6. Per-page asset versioning complexity Our initial storage model used global version counters per character. As story branching was added, this broke — a sprite version relevant on page 4 might not be correct for page 7. We redesigned to per-page, per-asset version tracking stored in meta.json.

7. Background removal cold start rembg downloads a ~87MB ONNX model on first use. On Cloud Run with a cold start, this caused 30+ second delays. We baked the model into the Docker image so it is always available from the first request.

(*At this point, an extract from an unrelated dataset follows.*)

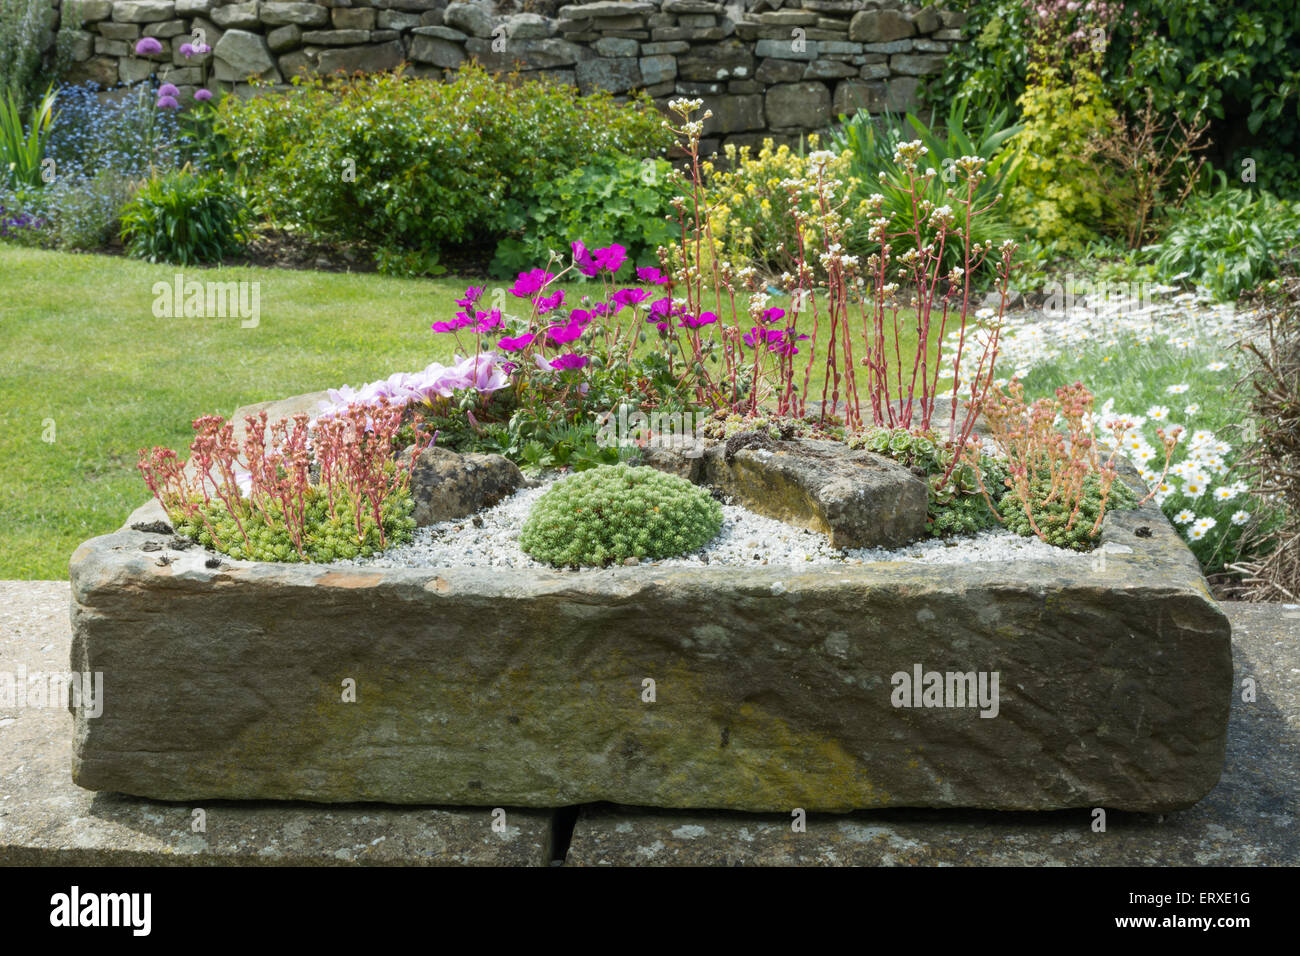 Alpines plantés dans un jardin de pierres évier Banque D'Images

Accomplishments that we're proud of

  • Full end-to-end pipeline: upload a PDF → generate assets → build a branching story → play it live with a real-time AI character. It all works.
  • Dream Nodes: a child says "I have a pet dragon" and within ~30 seconds Gemini has generated a 3-scene storyboard showing the dragon's adventure, narrating it live while images stream in. This felt genuinely magical in testing.
  • Zero-latency playback: by pre-generating all assets in the pipeline stage, the theater experience has no loading screens or generation pauses — page transitions are instant.
  • Production-grade infrastructure: Terraform IaC, Secret Manager, GCS FUSE mount, Cloud Build CI/CD, and Cloud Run Gen 2 — the whole stack is reproducible with a single ./deploy.sh command.
  • Visual node editor: the XYFlow-based pipeline editor lets non-technical storytellers see their story structure as a graph and modify it visually — no JSON editing required.

What we learned

  • Gemini Live API is more than a voice chat — the combination of native audio, real-time vision, and tool-calling makes it a genuine AI director capable of understanding context and making decisions, not just responding to prompts.
  • Pre-generation is the right split point — separating deterministic asset generation from real-time agent behavior is the key to a smooth experience. Trying to generate assets during live interaction kills immersion.
  • Rate limits shape product design — Veo's 10 requests/day limit forced us to think about asset reuse as a first-class feature, which actually made the authoring tool better.
  • Children as users require different trust models — the AI "hallucinating" story details is actually fine (it adds to the magic). The standard "AI mistakes are costly" assumption doesn't apply when the domain is creative play.
  • Infrastructure-first matters for hackathons too — having Terraform and deploy.sh set up early meant we never lost time to deployment issues during crunch time.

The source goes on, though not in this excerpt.